Last Will Testament (LWT): The MQTT CONNECT packet includes a LWT message: if the TCP connection drops unexpectedly (power cut, network loss), the broker automatically publishes "offline" to the /avail topic. Home Assistant uses this to mark the device as unavailable on its dashboard.
Retained Messages: mqtt.publish(..., true) sets the RETAIN flag. The broker caches the last retained message per topic and sends it immediately to any new subscriber. This means Home Assistant receives current temperature the instant it connects — even if the ESP32 last published 25 minutes ago.
ArduinoOTA: ArduinoOTA.begin() starts an mDNS service and a TCP listener for firmware updates. Once running, the device appears as a network port in Arduino IDE. Select it and upload as normal. The bootloader handles the swap safely — on failure it rolls back to the previous firmware.
NTP Timestamps: configTime() syncs the ESP32 real-time clock with pool.ntp.org. getLocalTime() fills a tm struct for formatting.

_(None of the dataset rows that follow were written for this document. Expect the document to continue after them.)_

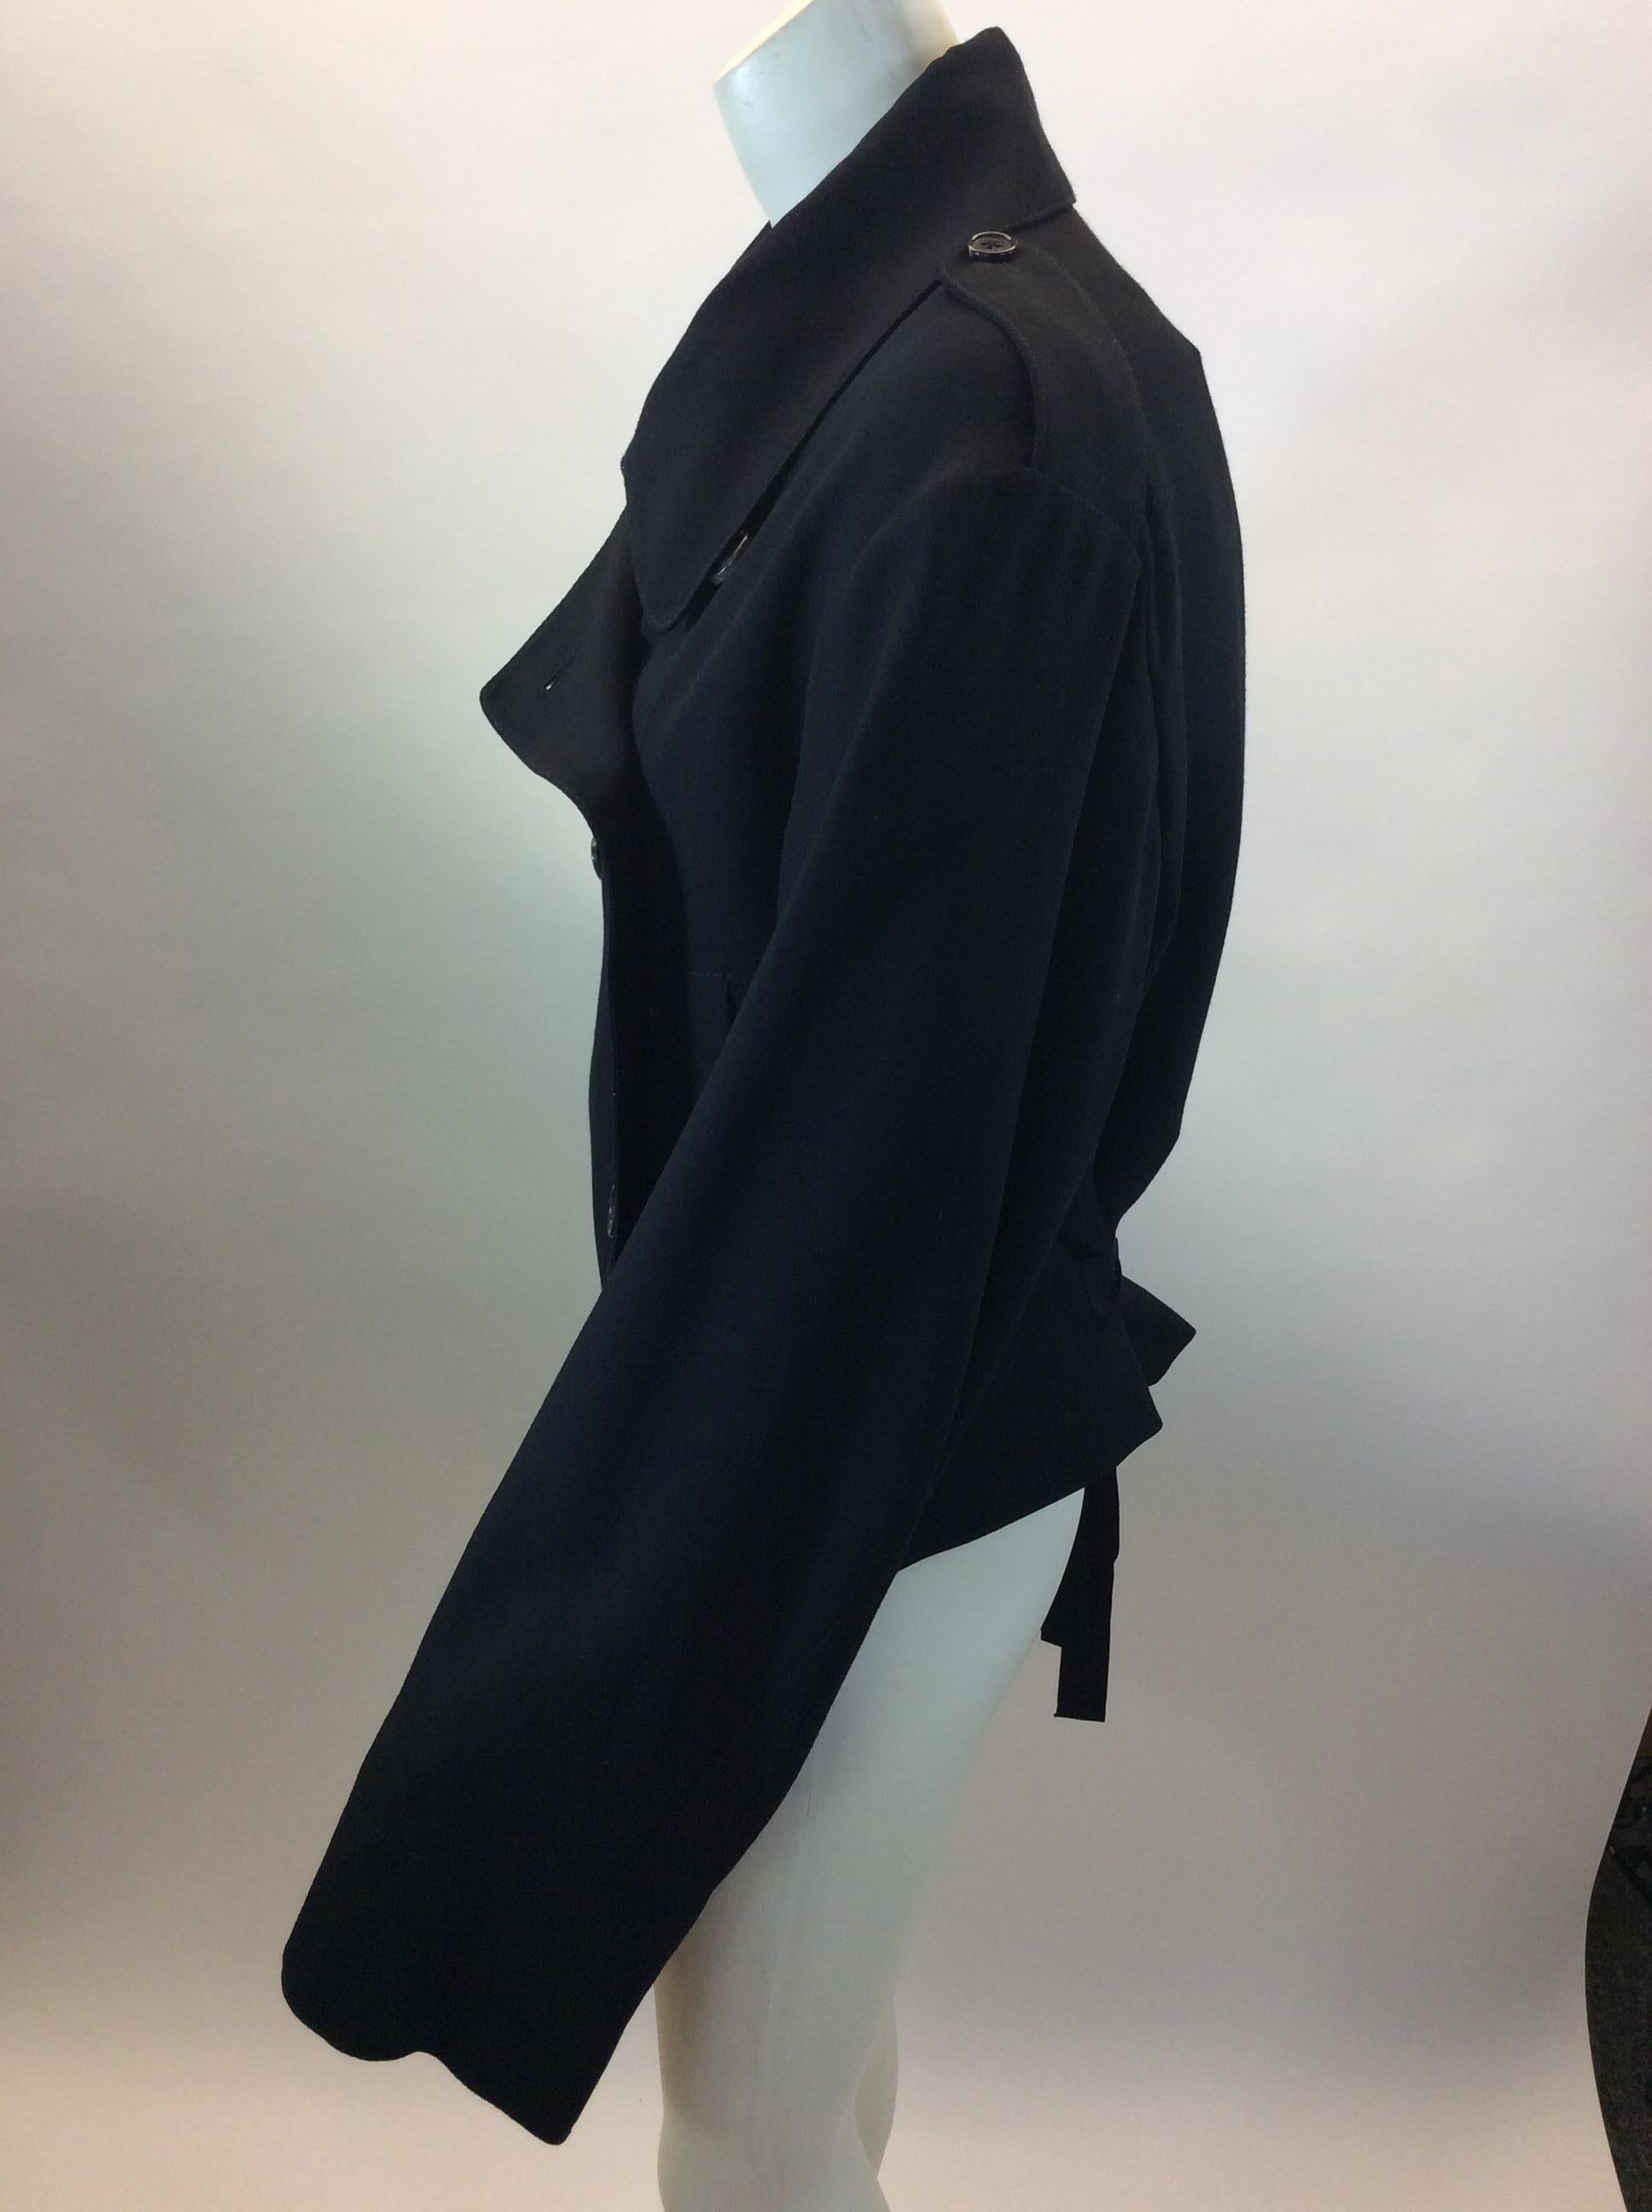 Ann Demeulemeester Black Wool Jacket
$350
Made in Portugal 
100% Fleece/wool
Size 40
Length 22

Published JSON payloads include a "time" field, which makes Grafana and InfluxDB time-series graphs accurate even across broker restarts.
Applications
- Remote monitoring from phone or laptop
- Automated alerts when limits are crossed
- Long-term trend logging for optimization
Troubleshooting
MQTT connection fails with state -2
rc=-2 means the broker was not found on the network. Verify BROKER IP and that Mosquitto is running: sudo systemctl status mosquitto. Test from another device: mosquitto_pub -h BROKER_IP -t test -m hello
OTA upload fails — port not visible in Arduino IDE
ESP32 must be powered and running the loop (not in a crash loop). Ensure your PC and the ESP32 are on the same subnet. Temporarily disable OS firewall. Check that ArduinoOTA.handle() is called on every loop iteration.

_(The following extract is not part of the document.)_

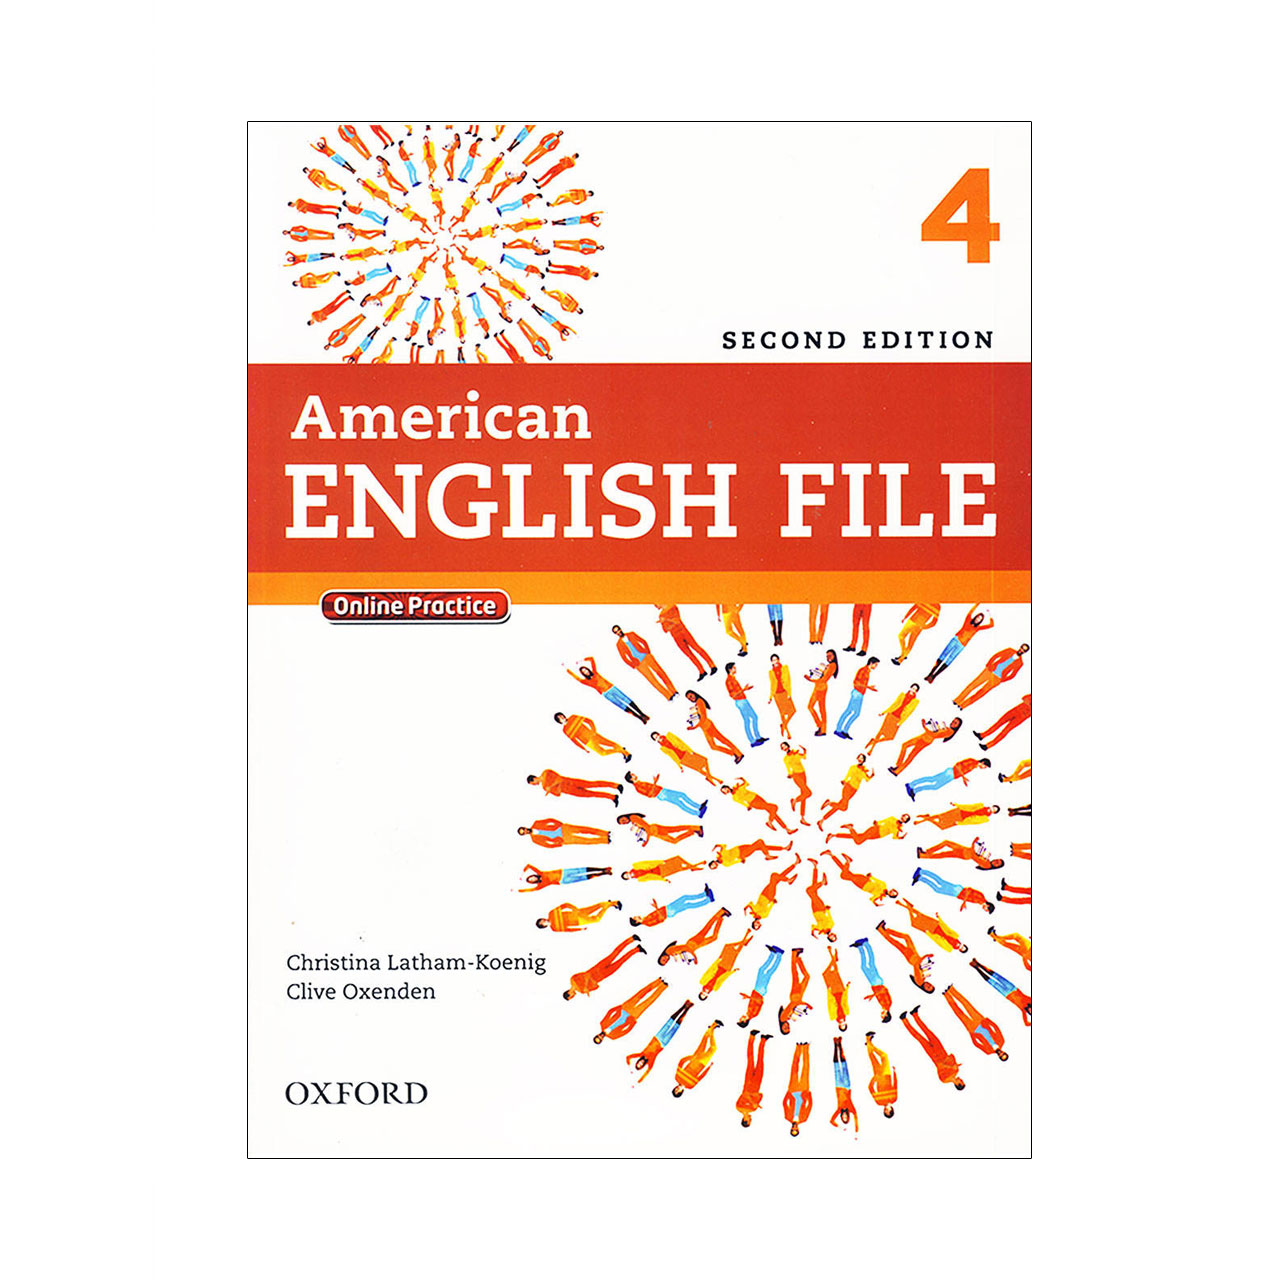 کتاب American English File 4 اثر جمعی از نویسندگان انتشارات Oxford

Home Assistant shows "unavailable" even though device is running
Check the LWT topic string matches what HA is subscribed to. If the broker was restarted, the ESP32 may not have reconnected yet — restart the ESP32 or wait for the MQTT keep-alive timeout to trigger reconnection.
Upgrades
- Add MQTT Auto-Discovery: publish a config payload to homeassistant/sensor/{id}/config and HA adds the device automatically
- Replace simple ON/OFF with a PID controller for smoother temperature regulation with no overshoot
- Add multi-zone support: run multiple ESP32 thermostats reporting to one broker, view all zones in one HA dashboard
FAQ
You need an ESP32 DevKit, DHT22 Pin 2 (DATA), Relay IN, a breadboard, jumper wires, and a USB cable for power and programming.
Only the Advanced stage uses Wi-Fi. Beginner and Intermediate builds run offline on the ESP32 with USB power.
Start with Beginner if you are new to Home Automation. Use Intermediate for OLED feedback and Advanced for dashboards or connected monitoring.